This is a public episode. If you’d like to discuss this with other subscribers or get access to bonus episodes, visit sub.thursdai.news/subscribe -
Hey there, Alex here with an end of summer edition of our show, which did not disappoint. Today is the official anniversary of stable diffusion 1.4 can you believe it?
It's the second week in the row that we have an exclusive LLM launch on the show (after Emozilla announced Hermes 3 on last week's show), and spoiler alert, we may have something cooking for next week as well!
This edition of ThursdAI is brought to you by W&B Weave, our LLM observability toolkit, letting you evaluate LLMs for your own use-case easily
Also this week, we've covered both ends of AI progress, doomerist CEO saying "Fck Gen AI" vs an 8yo coder and I continued to geek out on putting myself into memes (I promised I'll stop... at some point) so buckle up, let's take a look at another crazy week:
TL;DR
* Open Source LLMs
* AI21 releases Jamba1.5 Large / Mini hybrid Mamba MoE (X, Blog, HF)
* Microsoft Phi 3.5 - 3 new models including MoE (X, HF)
* BFCL 2 - Berkley Function Calling Leaderboard V2 (X, Blog, Leaderboard)
* NVIDIA - Mistral Nemo Minitron 8B - Distilled / Pruned from 12B (HF)
* Cohere paper proves - code improves intelligence (X, Paper)
* MOHAWK - transformer → Mamba distillation method (X, Paper, Blog)
* AI Art & Diffusion & 3D
* Ideogram launches v2 - new img diffusion king 👑 + API (X, Blog, Try it)
* Midjourney is now on web + free tier (try it finally)
* Flux keeps getting better, cheaper, faster + adoption from OSS (X, X, X)
* Procreate hates generative AI (X)
* Big CO LLMs + APIs
* Grok 2 full is finally available on X - performs well on real time queries (X)
* OpenAI adds GPT-4o Finetuning (blog)
* Google API updates - 1000 pages PDFs + LOTS of free tokens (X)
* This weeks Buzz
* Weights & Biases Judgement Day SF Hackathon in September 21-22 (Sign up to hack)
* Video
* Hotshot - new video model - trained by 4 guys (try it, technical deep dive)
* Luma Dream Machine 1.5 (X, Try it)
* Tools & Others
* LMStudio 0.0.3 update - local RAG, structured outputs with any model & more (X)
* Vercel - Vo now has chat (X)
* Ark - a completely offline device - offline LLM + worlds maps (X)
* Ricky's Daughter coding with cursor video is a must watch (video)
The Best of the Best: Open Source Wins with Jamba, Phi 3.5, and Surprise Function Calling Heroes
We kick things off this week by focusing on what we love the most on ThursdAI, open-source models!

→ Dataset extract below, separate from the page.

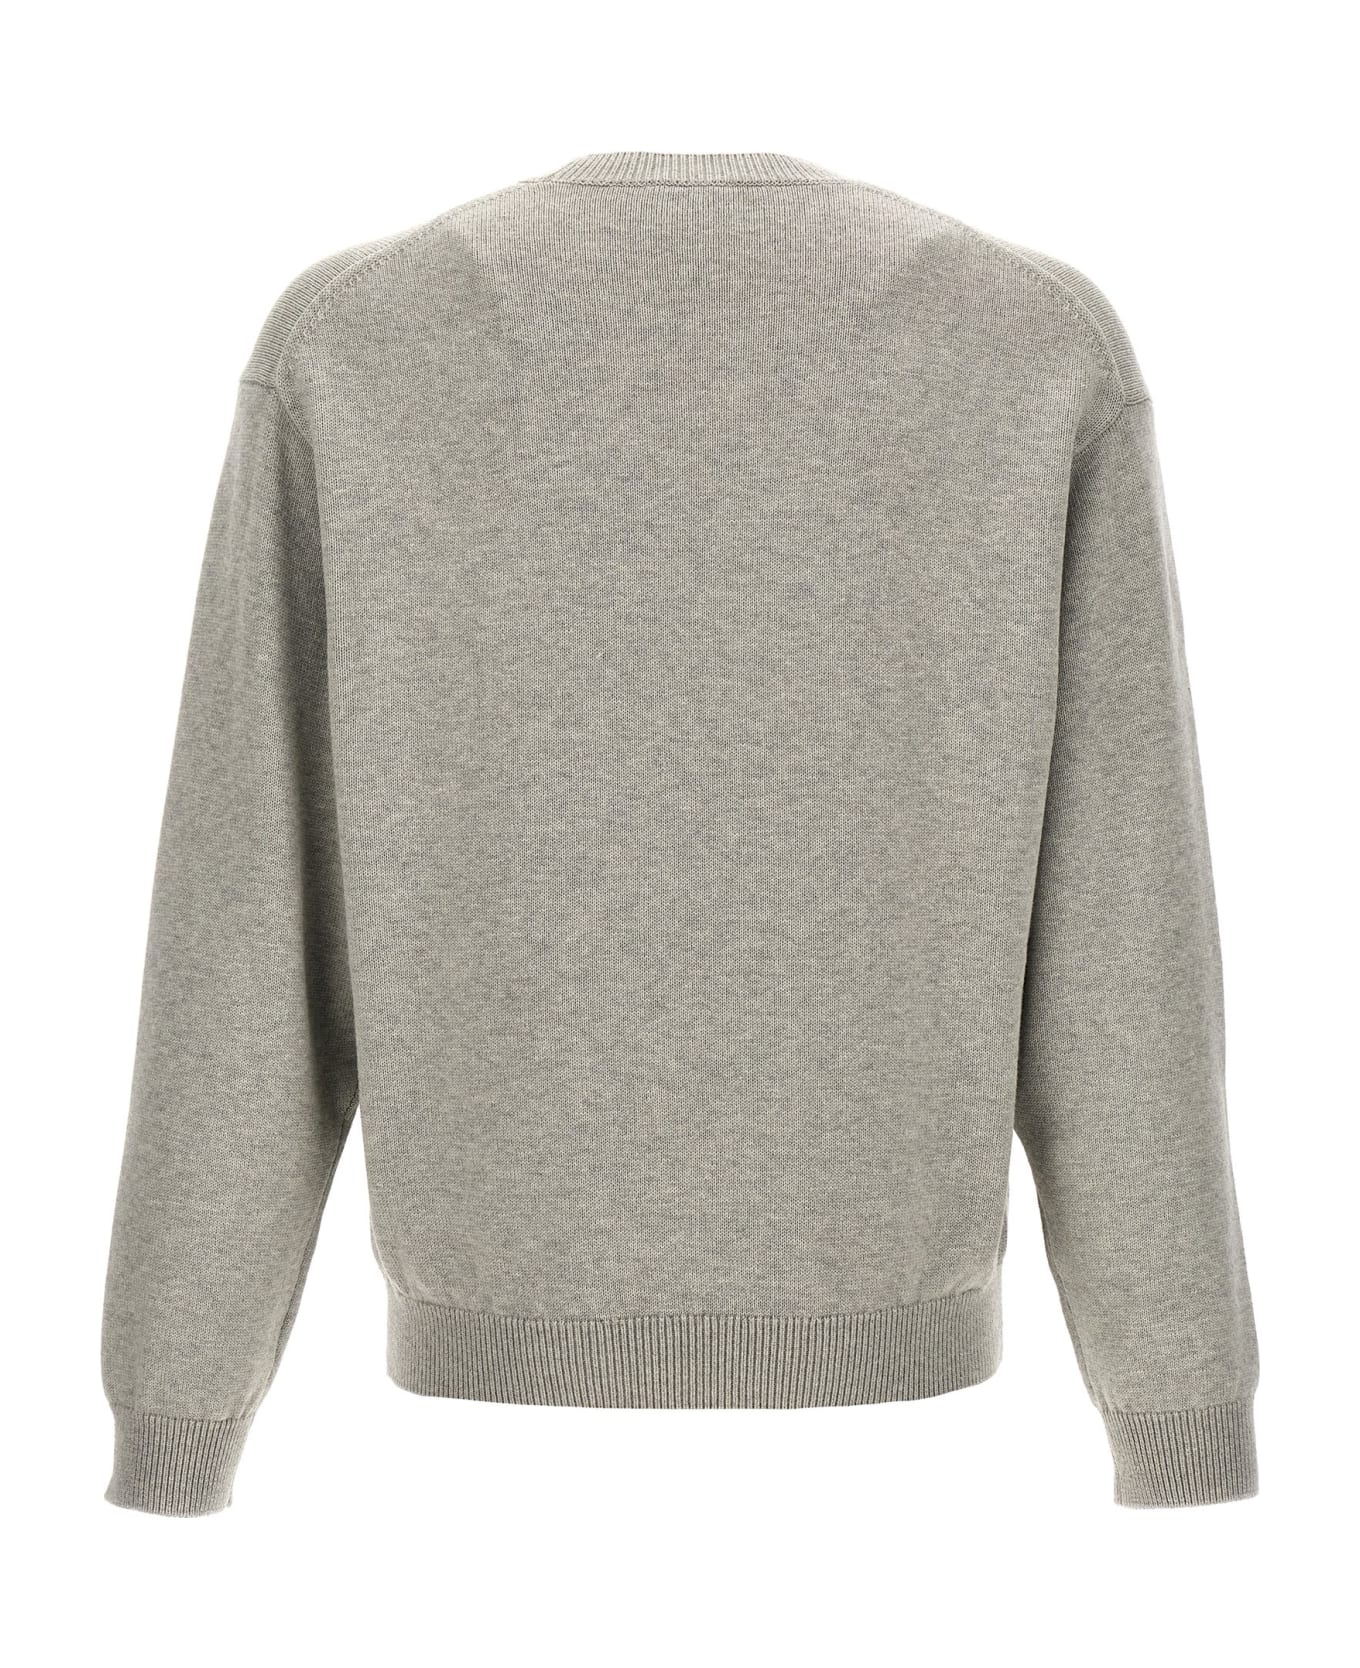 Kenzo Tiger Academy Sweater - grey フリース

We had a ton of incredible releases this week, starting off with something we were super lucky to have live, the official announcement of AI21's latest LLM: Jamba.

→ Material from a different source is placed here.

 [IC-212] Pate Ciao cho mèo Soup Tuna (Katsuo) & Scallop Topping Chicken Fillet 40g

AI21 Officially Announces Jamba 1.5 Large/Mini – The Powerhouse Architecture Combines Transformer and Mamba
While we've covered Jamba release on the show back in April, Jamba 1.5 is an updated powerhouse. It's 2 models, Large and Mini, both MoE and both are still hybrid architecture of Transformers + Mamba that try to get both worlds.
Itay Dalmedigos, technical lead at AI21, joined us on the ThursdAI stage for an exclusive first look, giving us the full rundown on this developer-ready model with an awesome 256K context window, but it's not just the size – it’s about using that size effectively.

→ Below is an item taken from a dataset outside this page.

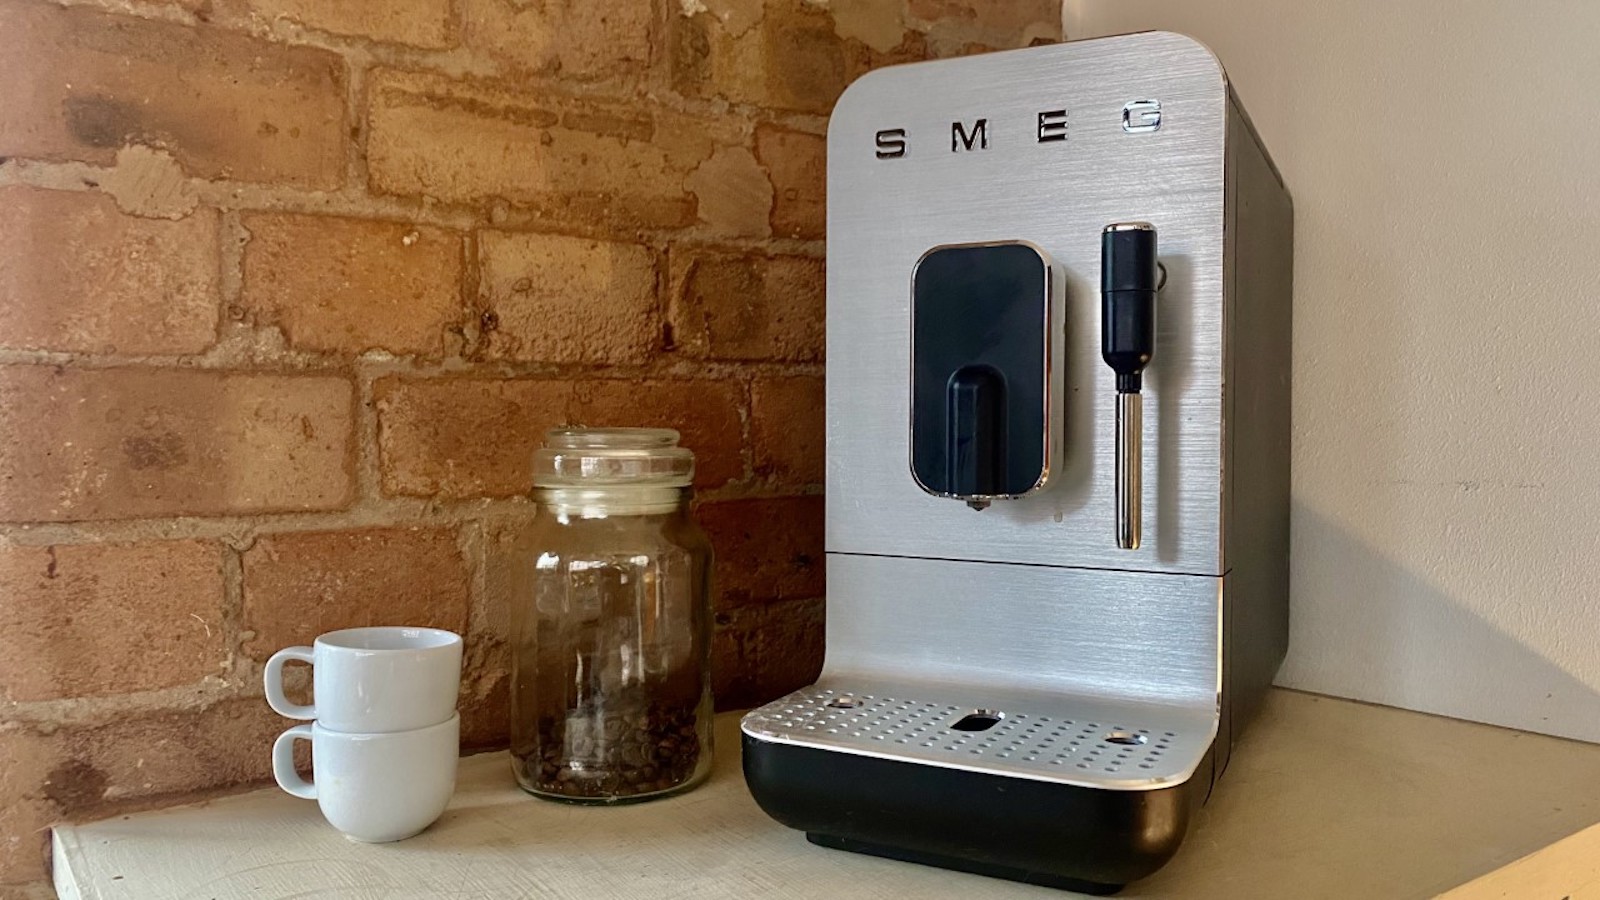   Cafetera Smeg: la mejor máquina del grano a la taza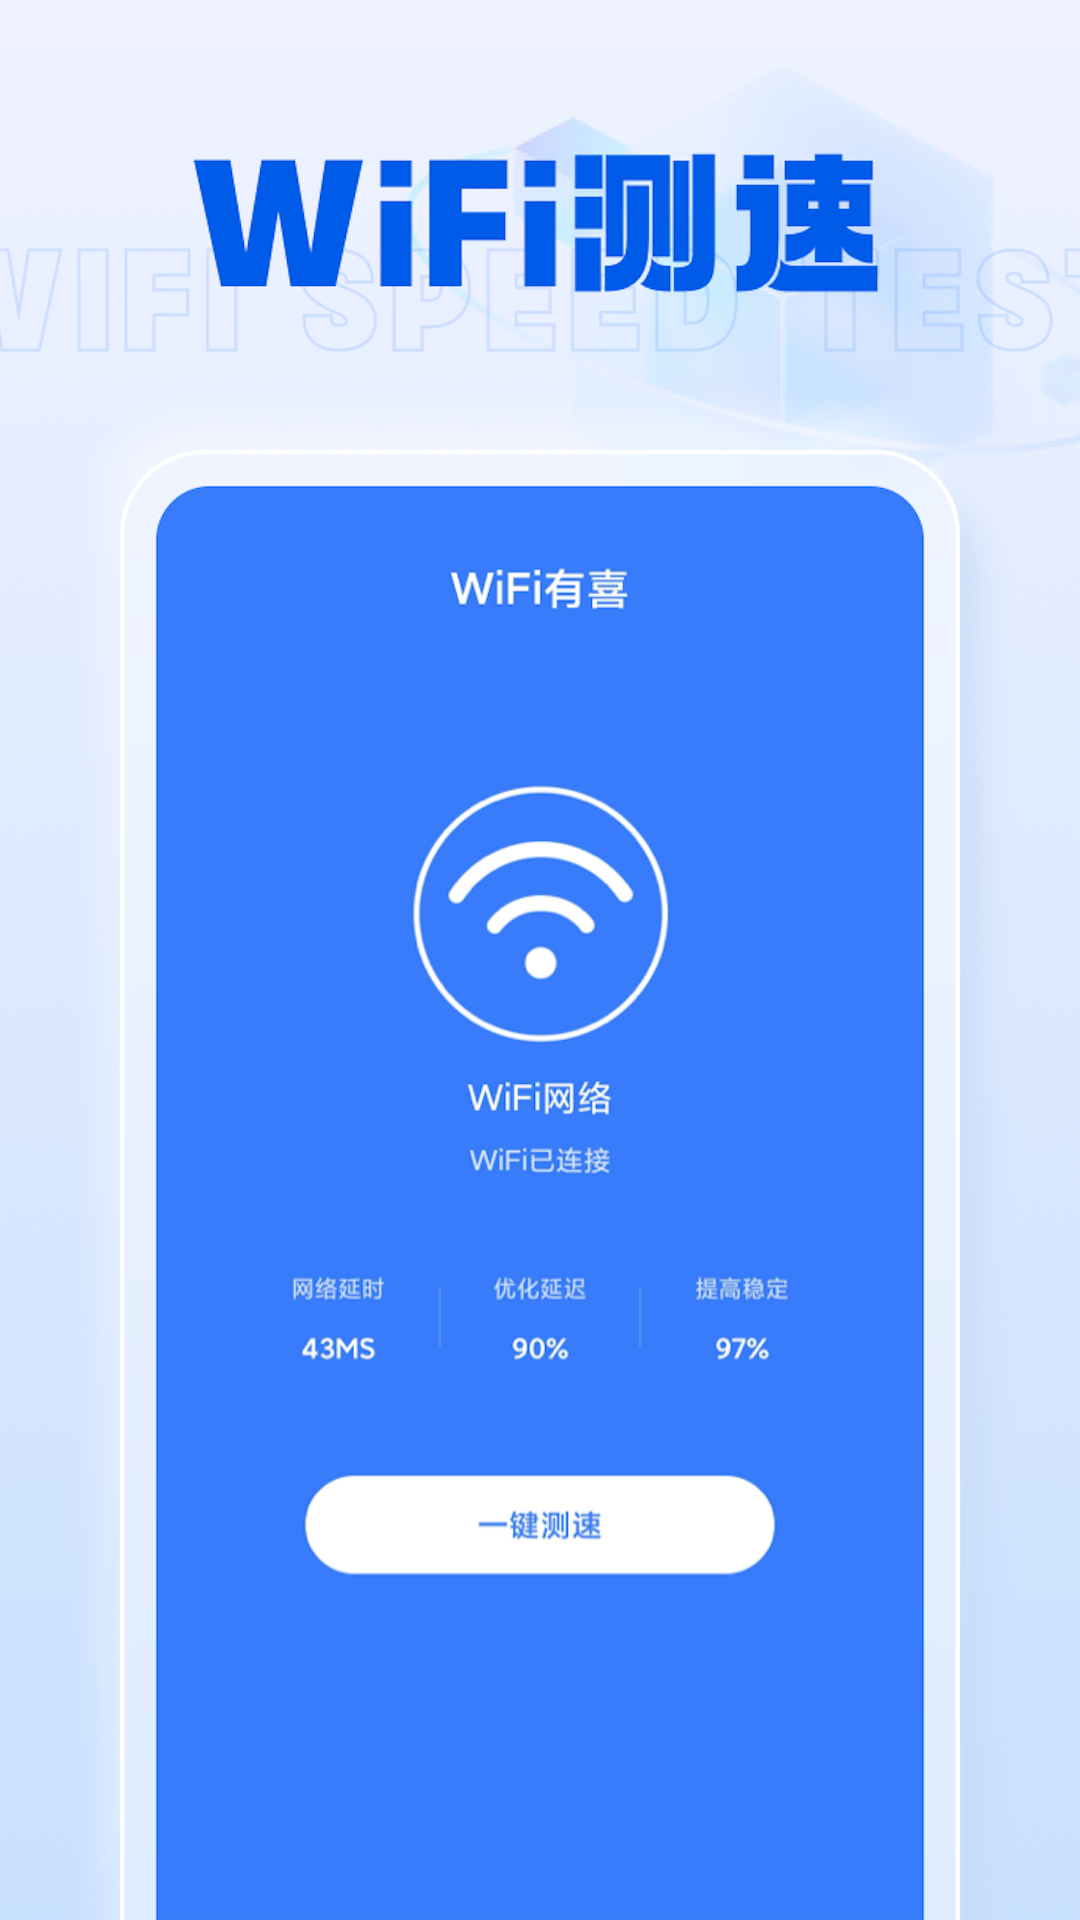 WiFi有喜网络测速APP官方版图1:

AI21 measured the effective context use of their model on the new RULER benchmark released by NVIDIA, an iteration of the needle in the haystack and showed that their models have full utilization of context, as opposed to many other models.
“As you mentioned, we’re able to pack many, many tokens on a single GPU. Uh, this is mostly due to the fact that we are able to quantize most of our parameters", Itay explained, diving into their secret sauce, ExpertsInt8, a novel quantization technique specifically designed for MoE models.
Oh, and did we mention Jamba is multilingual (eight languages and counting), natively supports structured JSON, function calling, document digestion… basically everything developers dream of. They even chucked in citation generation, as it's long context can contain full documents, your RAG app may not even need to chunk anything, and the citation can cite full documents!
Berkeley Function Calling Leaderboard V2: Updated + Live (link)
Ever wondered how to measure the real-world magic of those models boasting "I can call functions! I can do tool use! Look how cool I am!" 😎? Enter the Berkeley Function Calling Leaderboard (BFCL) 2, a battleground where models clash to prove their function calling prowess.
Version 2 just dropped, and this ain't your average benchmark, folks. It's armed with a "Live Dataset" - a dynamic, user-contributed treasure trove of real-world queries, rare function documentations, and specialized use-cases spanning multiple languages. Translation: NO more biased, contaminated datasets. BFCL 2 is as close to the real world as it gets.
So, who’s sitting on the Function Calling throne this week? Our old friend Claude 3.5 Sonnet, with an impressive score of 73.61. But breathing down its neck is GPT 4-0613 (the OG Function Calling master) with 73.5. That's right, the one released a year ago, the first one with function calling, in fact the first LLM with function calling as a concept IIRC!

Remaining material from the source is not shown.